Subsequently, in the field of amino acid fermentation—an industry pioneered by Japan starting with glutamate fermentation in 1956—the fed-batch method was adopted for the production of several amino acids (e.g., Reference).
Furthermore, following the development of genetic engineering, the fed-batch method was adopted for the high-density cultivation of recombinants (primarily Escherichia coli). It has also been applied to heterologous protein production using recombinant yeast.
More recently, the method has been utilized in the manufacture of antibody drugs via high-density liquid cultivation of animal cells, primarily Chinese Hamster Ovary (CHO) cells.

The types of bioprocesses for which fed-batch culture is effective can be summarized as follows:

Nutrients such as methanol, ethanol, acetic acid, and aromatic compounds inhibit the growth of microorganisms even at relatively low concentrations. By adding such substrates properly lag-time can be shortened and the inhibition of the cell growth markedly reduced.

In a batch culture, to achieve very high cell concentrations, e.g. 50-100 g of dry cells/L, high initial concentrations of the nutrients in the medium are needed. At such high concentrations, the nutrients become inhibitory, even though they have no such effect at the normal concentrations used in batch cultures.
The fed-batch strategy is typically used in bio-industrial processes to reach a high cell density in the bioreactor. Mostly the feed solution is highly concentrated to avoid dilution of the bioreactor. Production of heterologous proteins by fed-batch cultures of recombinant microorganisms have been extensively studied.

The controlled addition of the nutrient directly affects the growth rate of the culture and helps to avoid overflow metabolism (formation of side metabolites, such as acetate for Escherichia coli, lactic acid in mammalian cell cultures, ethanol in Saccharomyces cerevisiae), oxygen limitation (anaerobiosis).

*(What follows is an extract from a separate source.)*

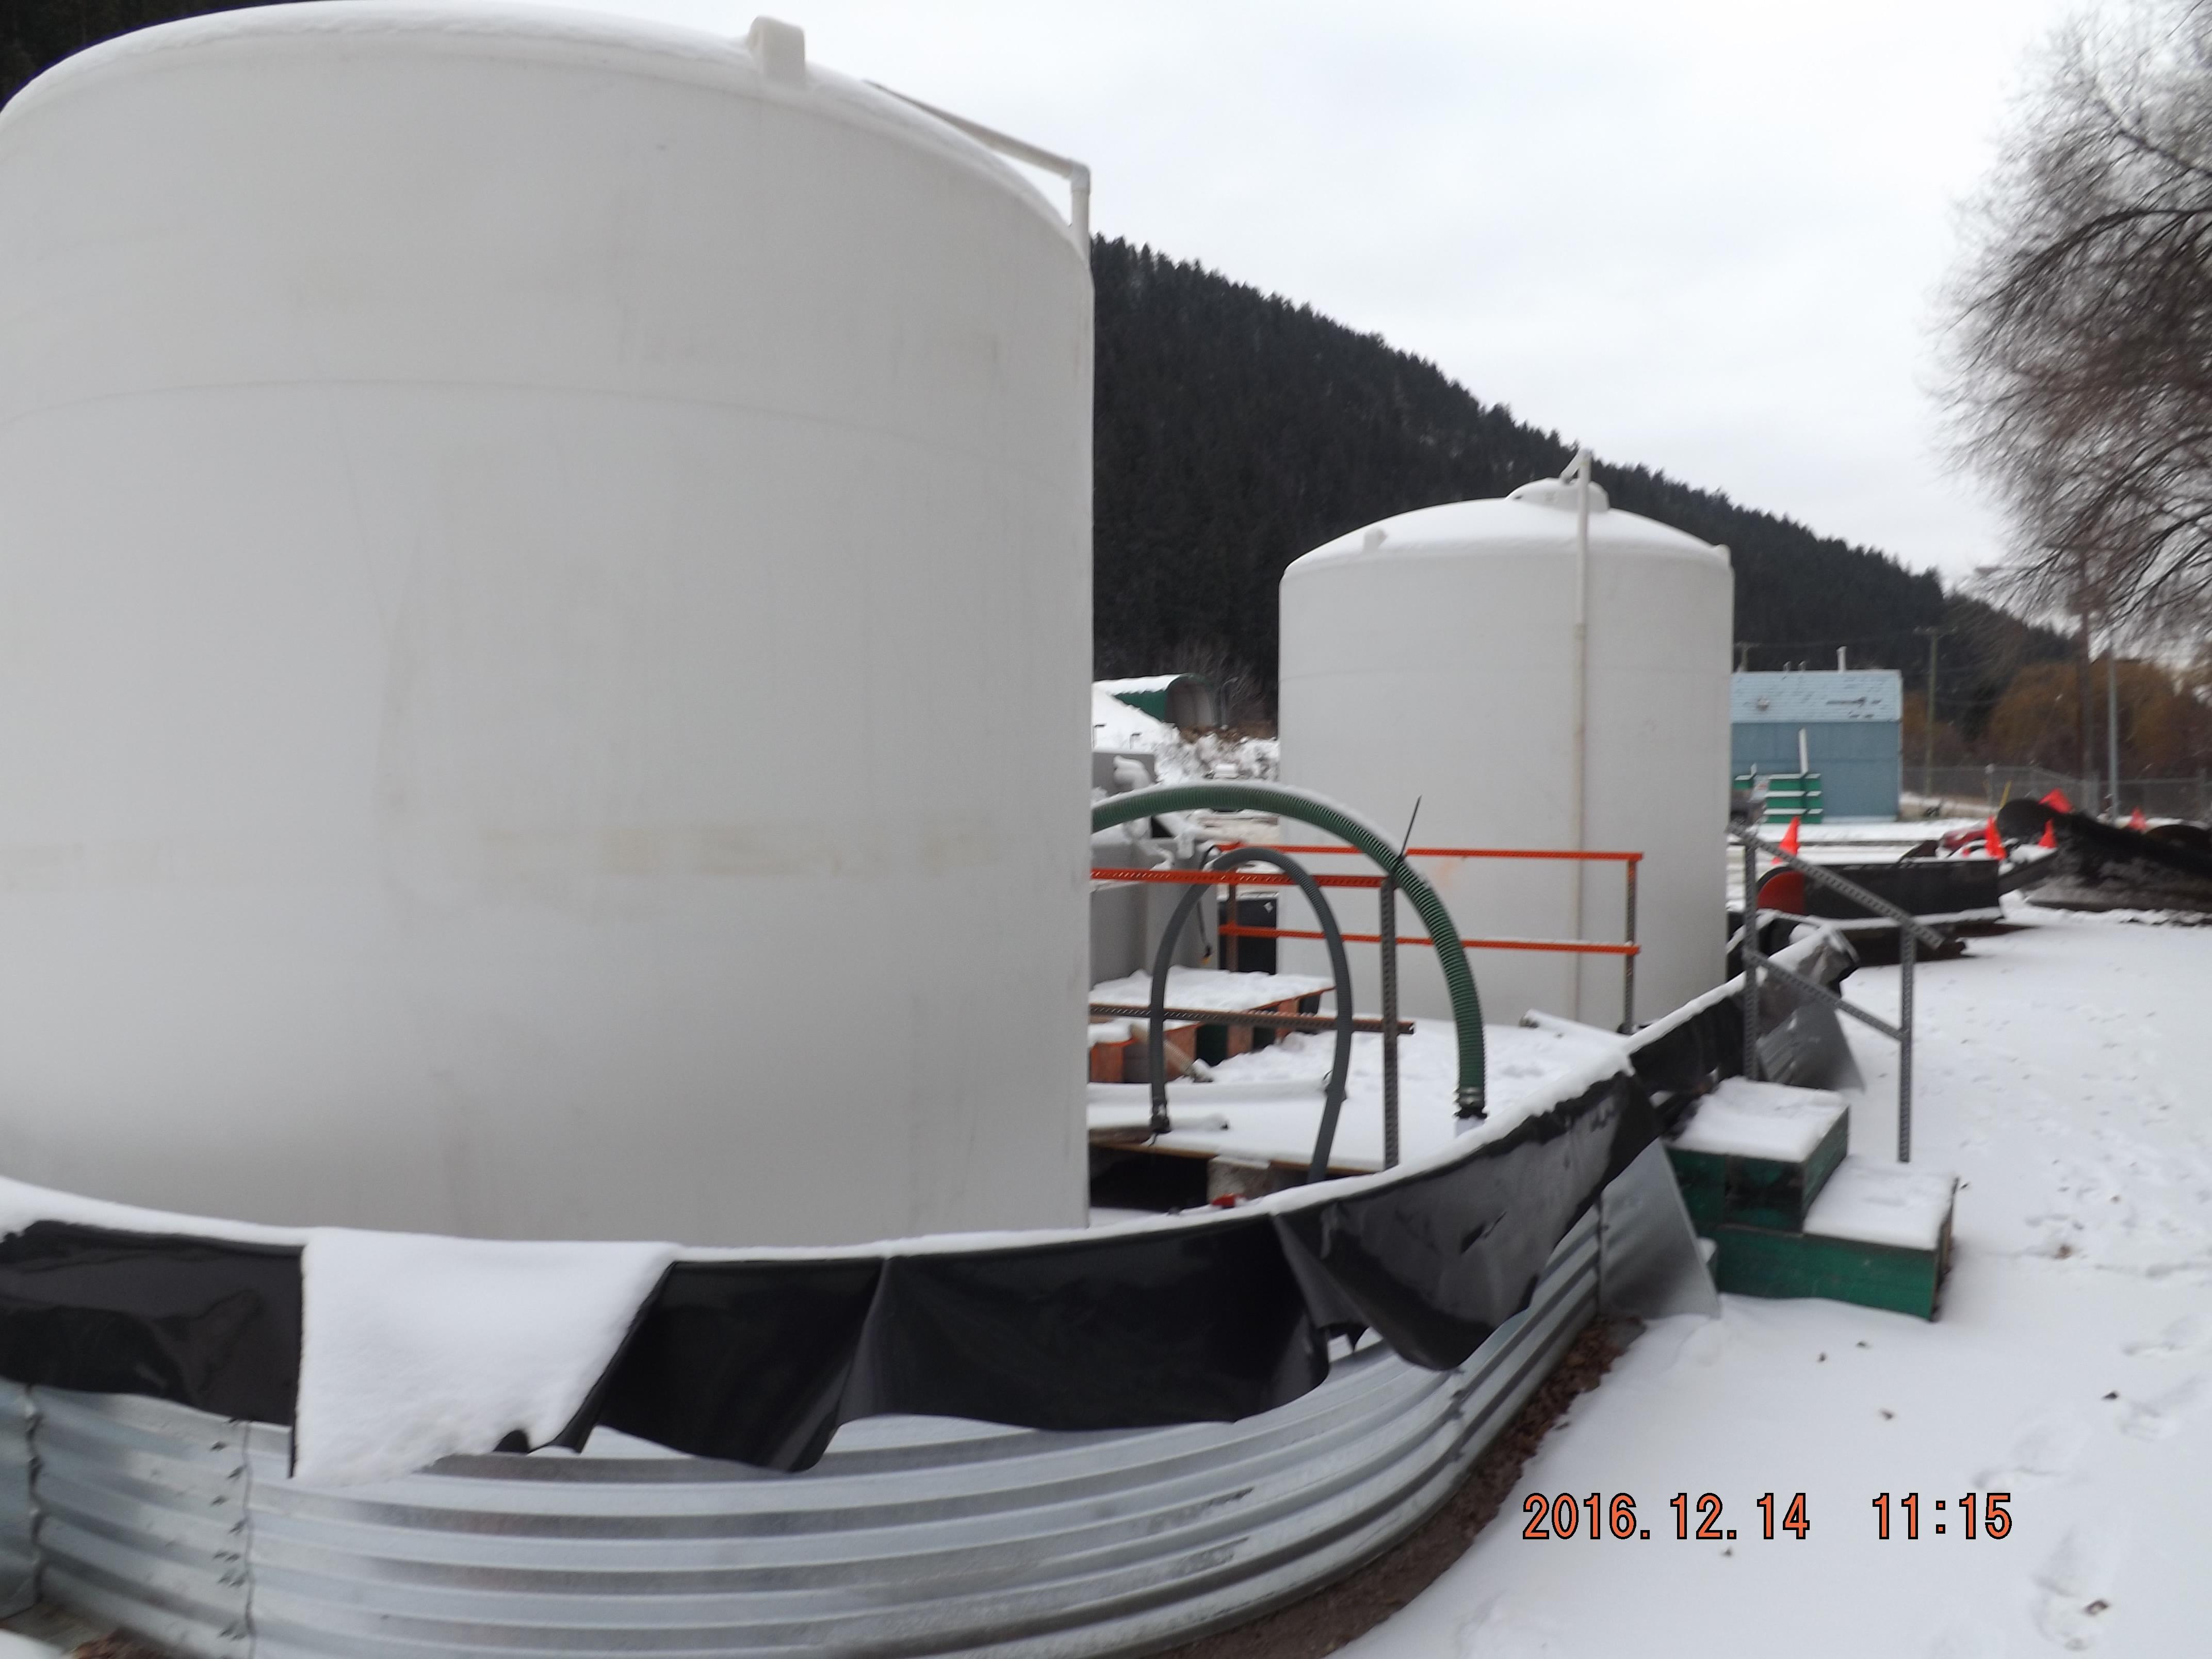 Brine making facility
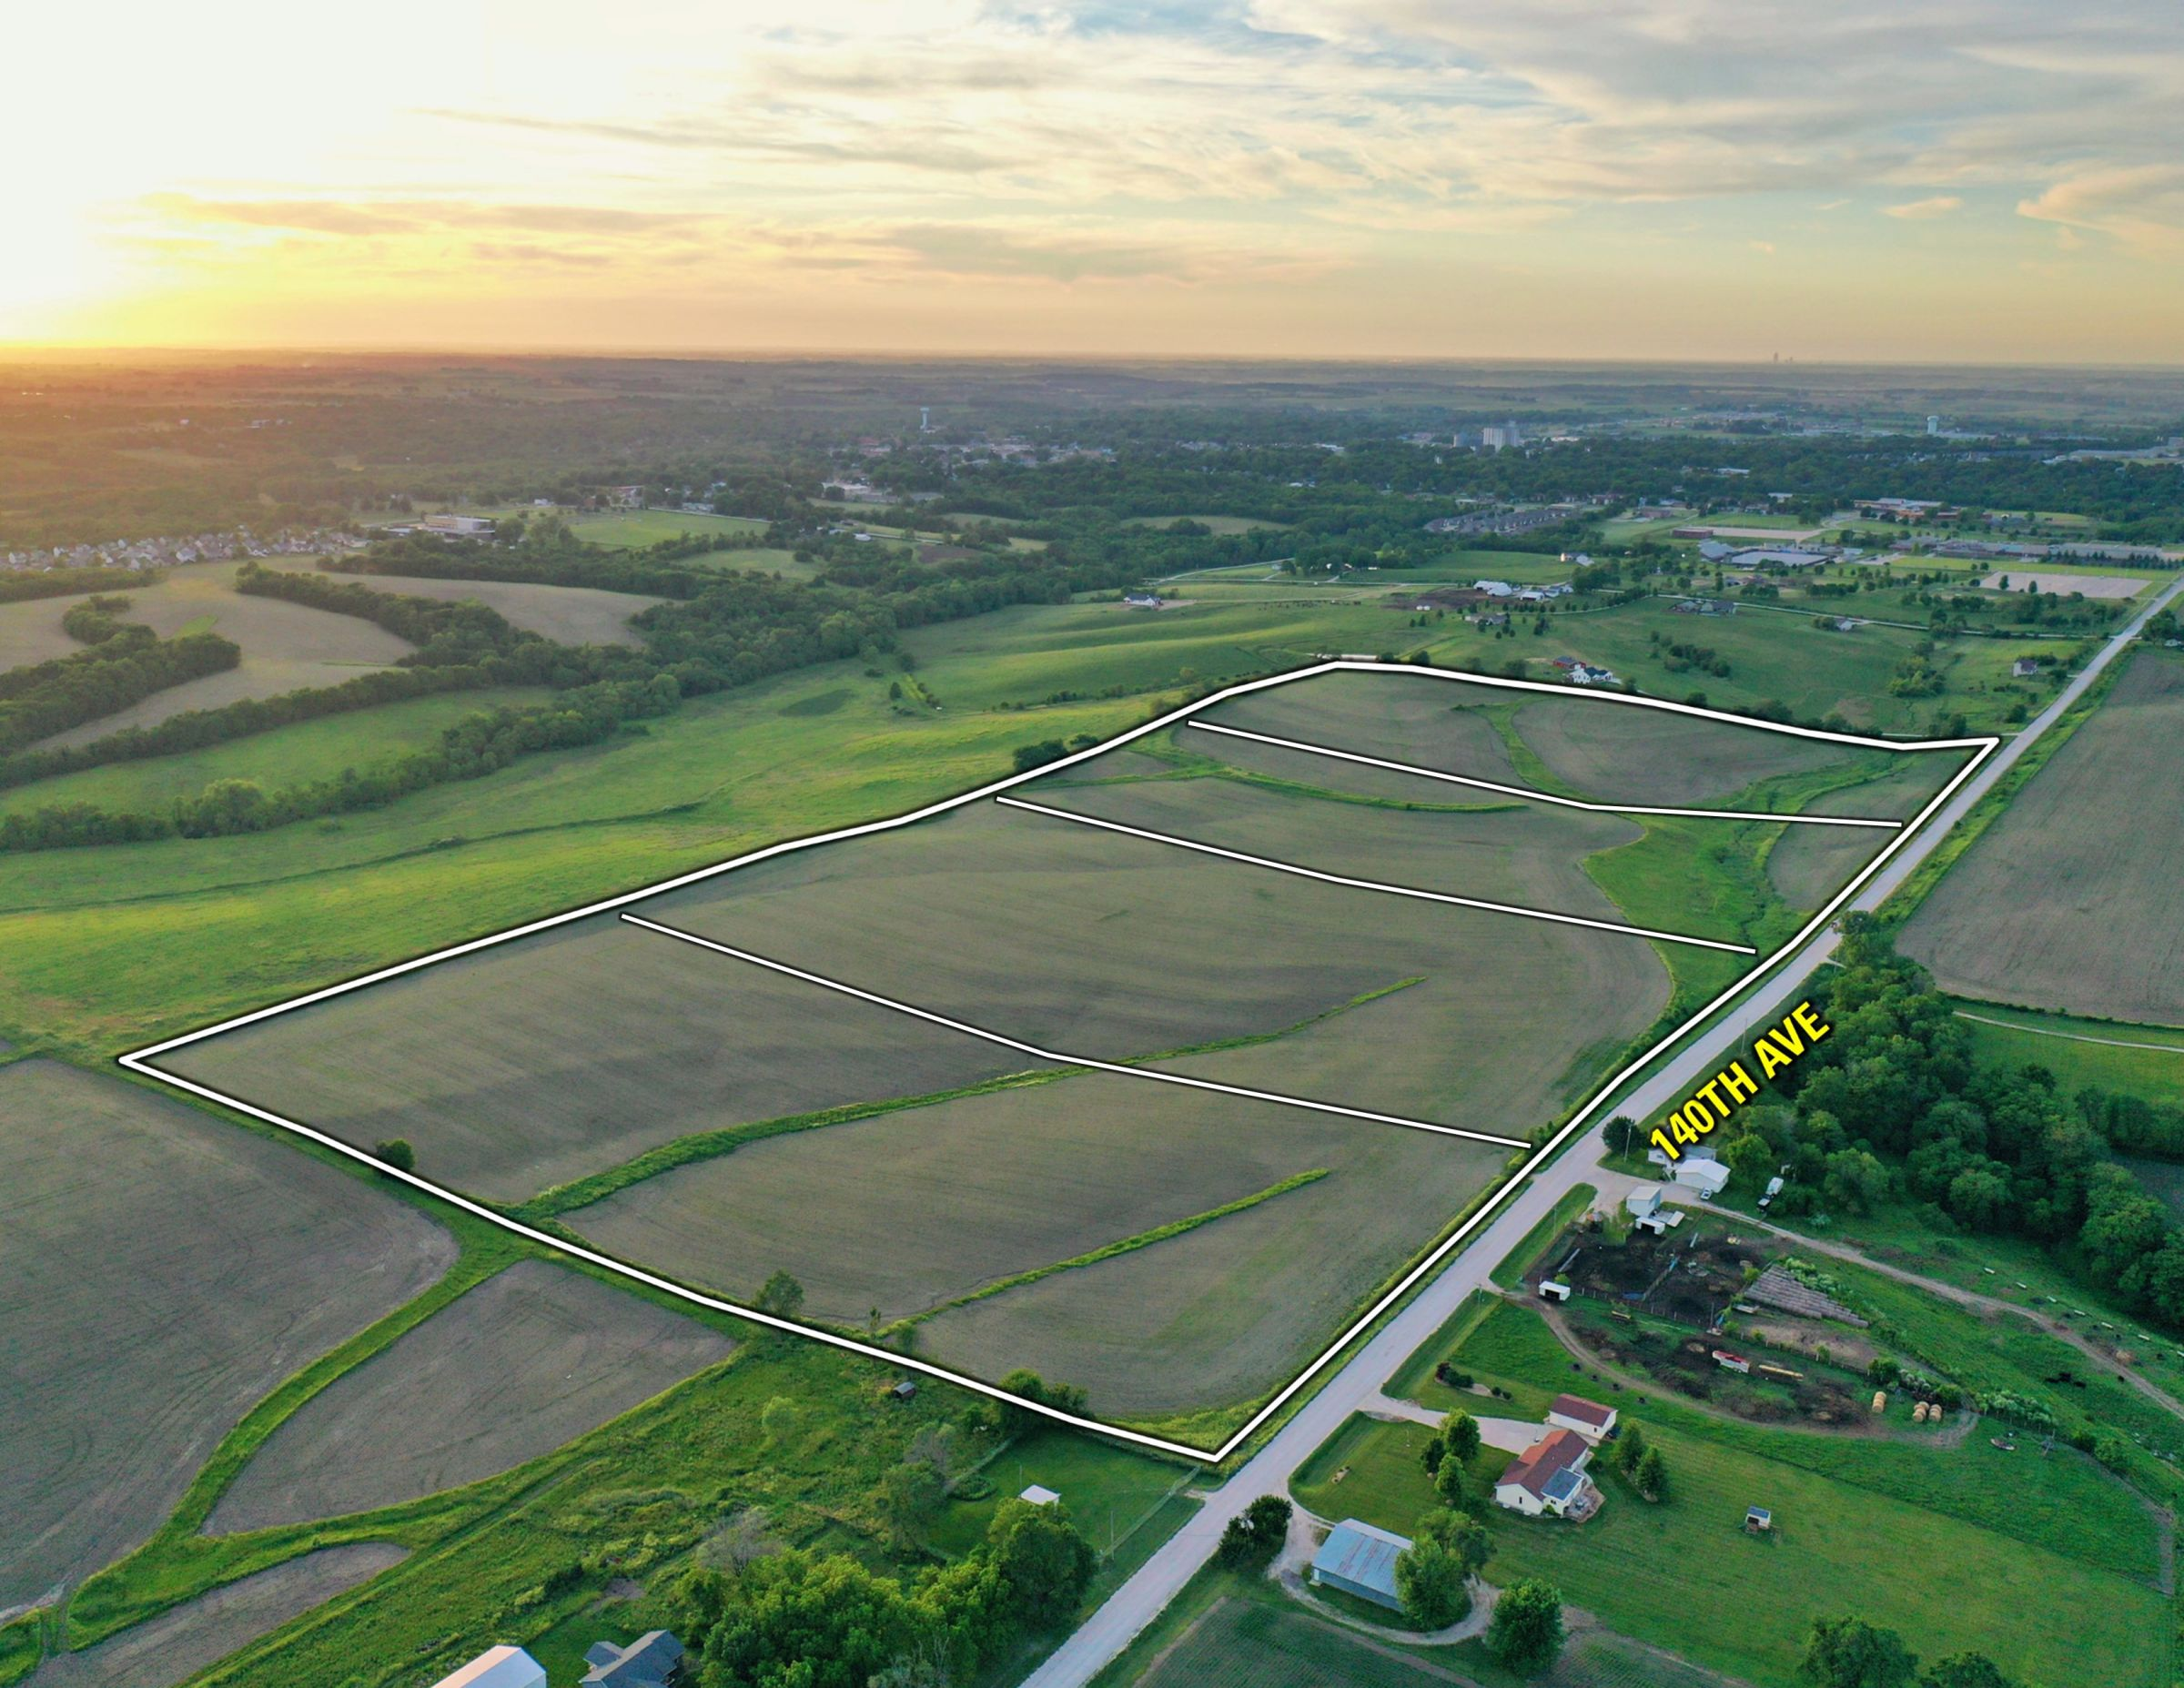 development-land-warren-county-iowa-20-acres-listing-number-15425-3-2021-03-26-185351.jpg

In the production of baker's yeast from malt wort or molasses it has been recognized since early 1900s that ethanol is produced even in the presence of sufficient dissolved oxygen (DO) if an excess of sugar is present in the culture liquid. Ethanol is a main cause of low cell yield. Aerobic ethanol formation in the presence of glucose concentration is known as glucose effect or Crabtree effect. To reduce this effect, a fed-batch process is generally employed for baker's yeast production. In aerobic cultures of Escherichia coli and Bacillus subtilis, organic acids such as acetic acid, (and in lesser amounts, lactic acid and formic acid), are produced as byproducts when sugar concentration is high, and these acids inhibit cell growth as well as show deteriorating effect on the metabolic activities. The formation of these acids are called bacterial Crabtree effects.

When a microorganism is provided with a rapidly metabolizable carbon-energy source such as glucose, the resulting increase in the intracellular concentration of ATP leads to the repression of enzyme(s) biosynthesis, thus causing a slower metabolization of the energy source. This phenomenon is known as catabolite repression. Many enzymes, especially those involved in catabolic pathways, are subject to this repressive regulation. A powerful method of overcoming the catabolite repression in the enzyme biosynthesis is a fed-batch culture in which glucose concentration in the culture liquid is kept low, where growth is restricted, and the enzyme biosynthesis is derepressed. Slow feeding of glucose in penicillin fermentation by Penicillium chrysogenum is a classical example in the category.